• **SUPPLIED INFORMATION**:
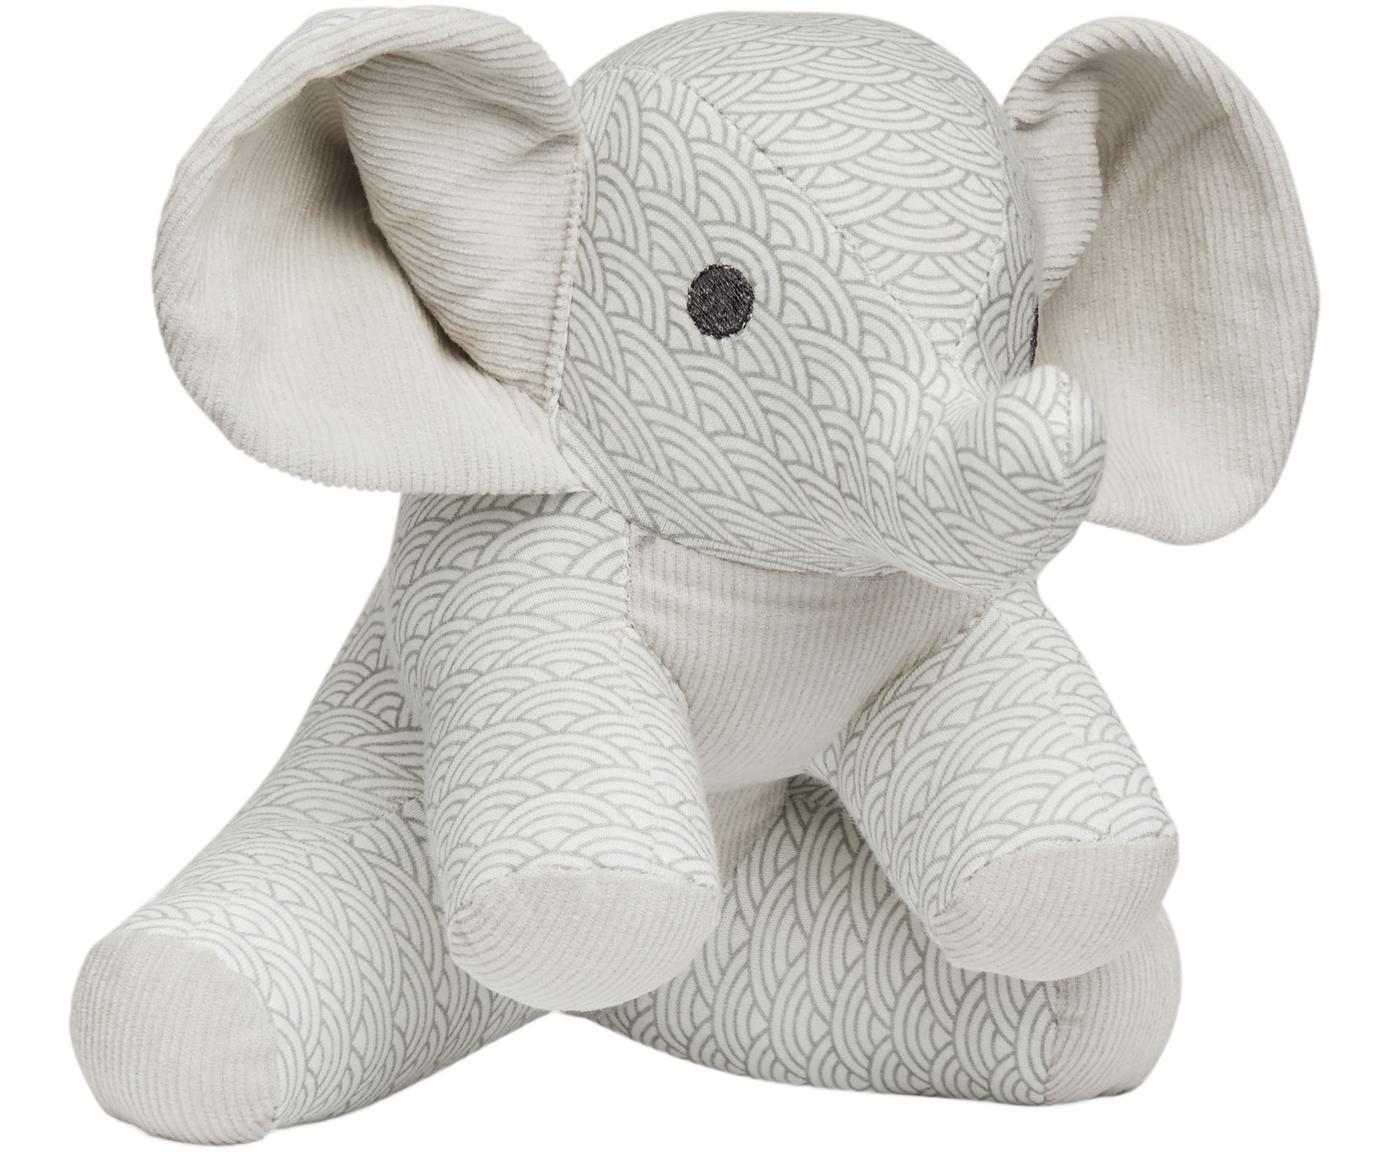 Peluche Elephant, Exterior: algodón orgánico, Gris, blanco, gris claro, An 20 x Al 21 cm
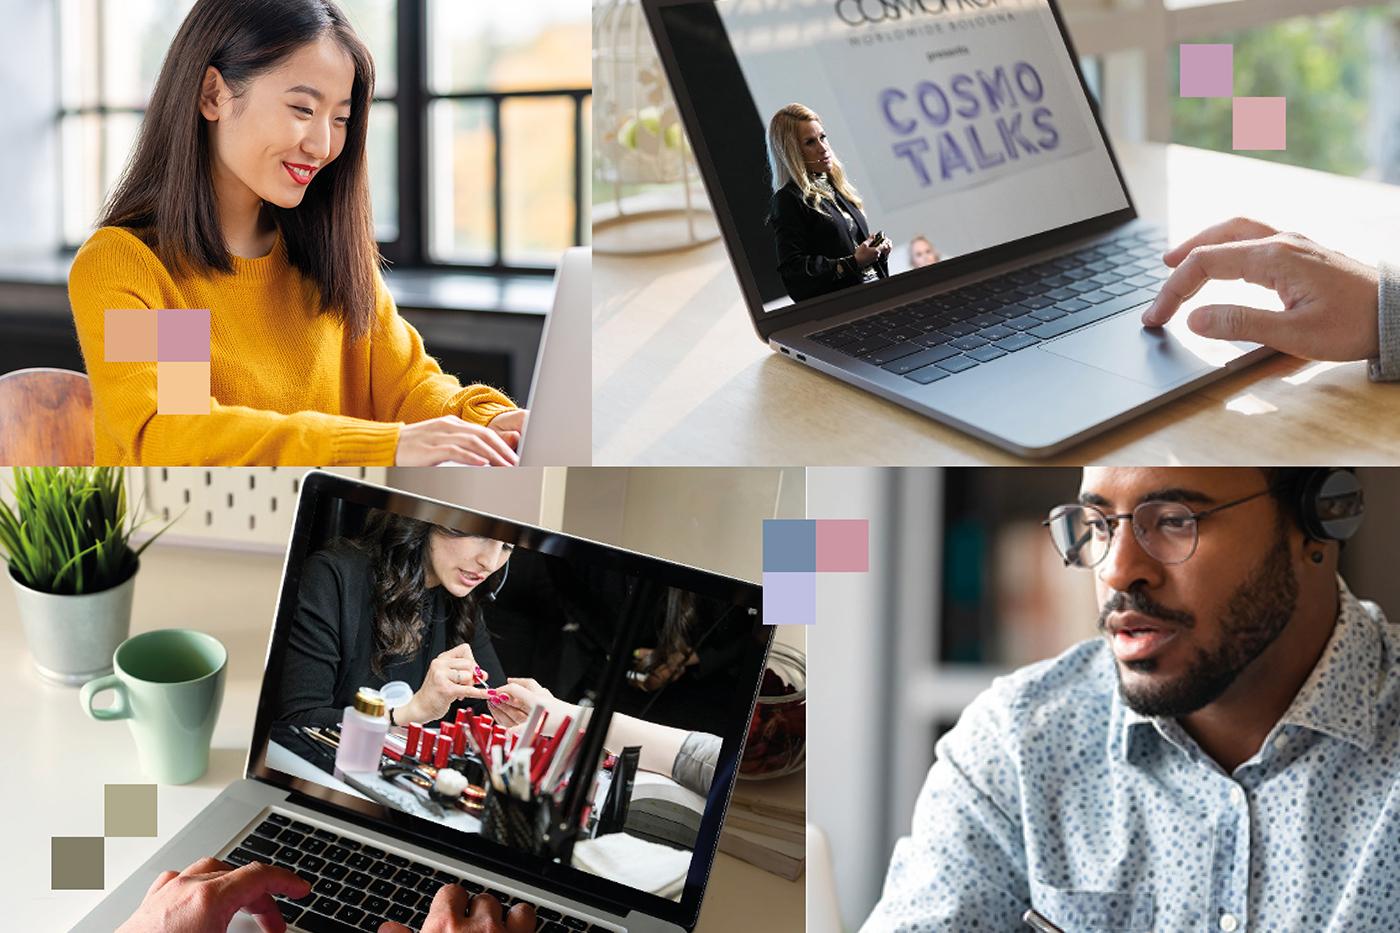 Cosmoprof presents WeCosmoprof International from June 7 to 18, 2021
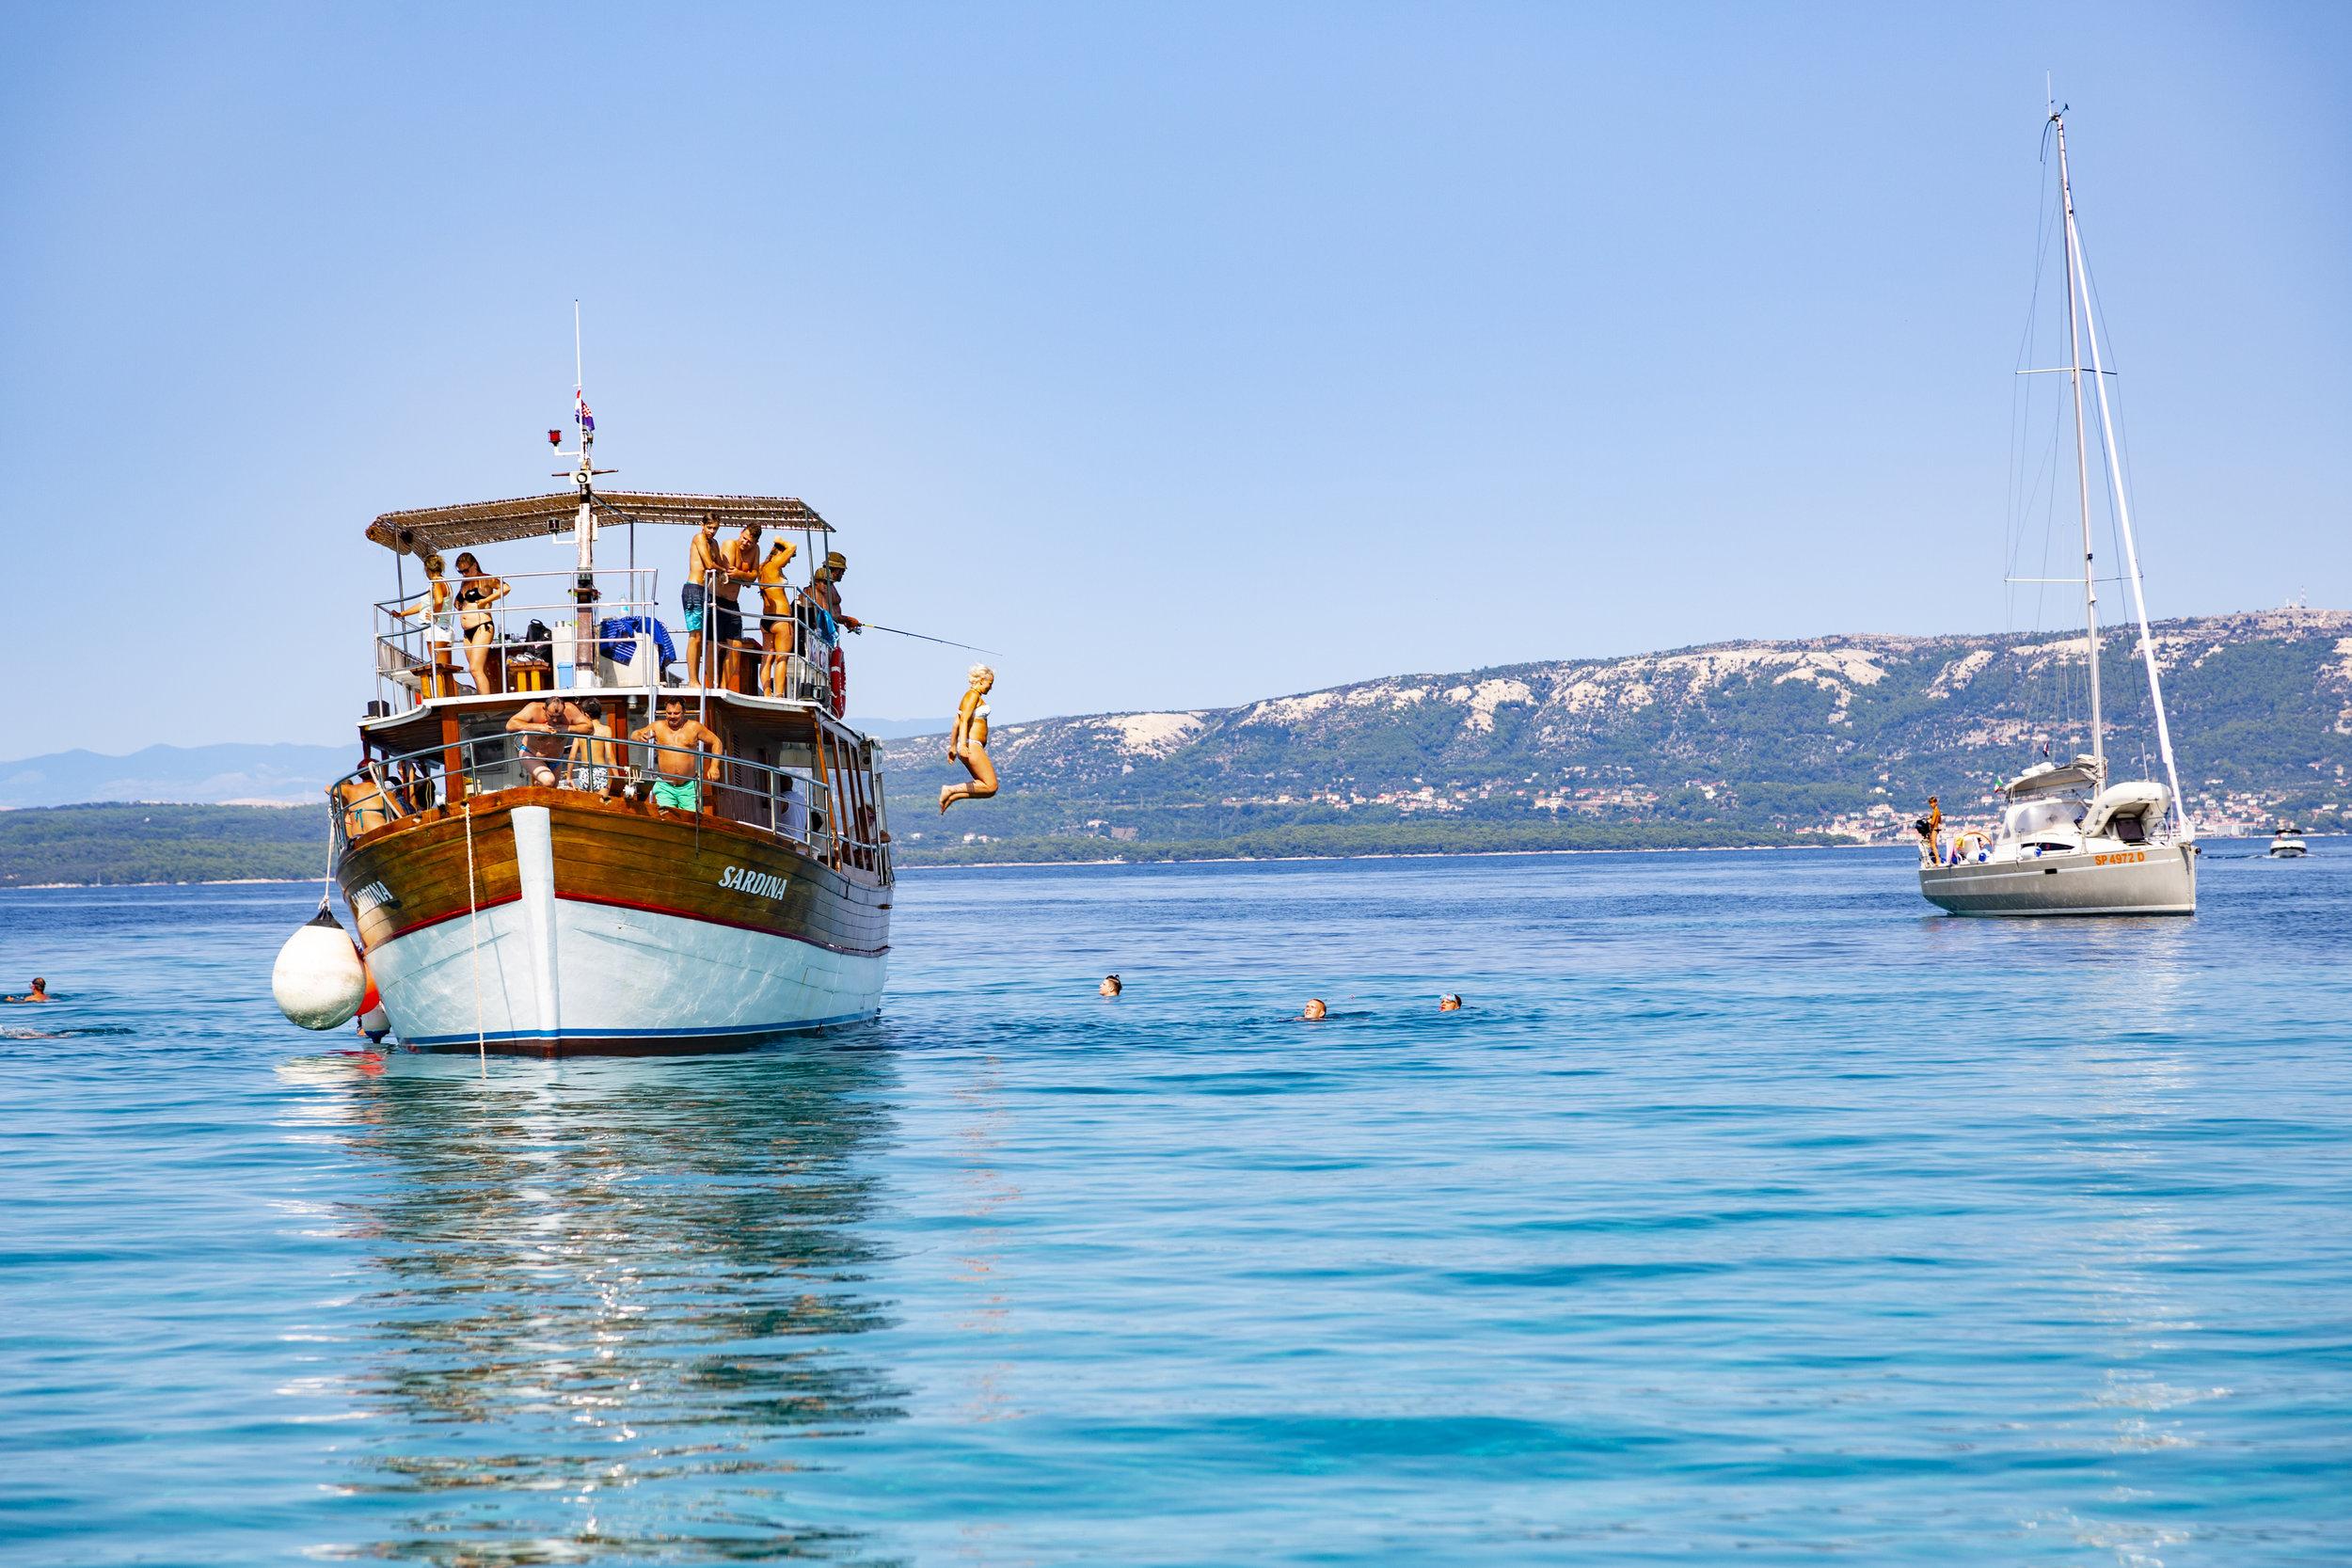 Swim & play in the warm Adriatic Sea at Dolfin Island

• **WHAT YOU SHOULD DO**: All of the data must be set down exactly, with no pictures included.

• **WRITTEN RESPONSE**:
 Peluche Elephant, Exterior: algodón orgánico, Gris, blanco, gris claro, An 20 x Al 21 cm
 Cosmoprof presents WeCosmoprof International from June 7 to 18, 2021
 Swim & play in the warm Adriatic Sea at Dolfin Island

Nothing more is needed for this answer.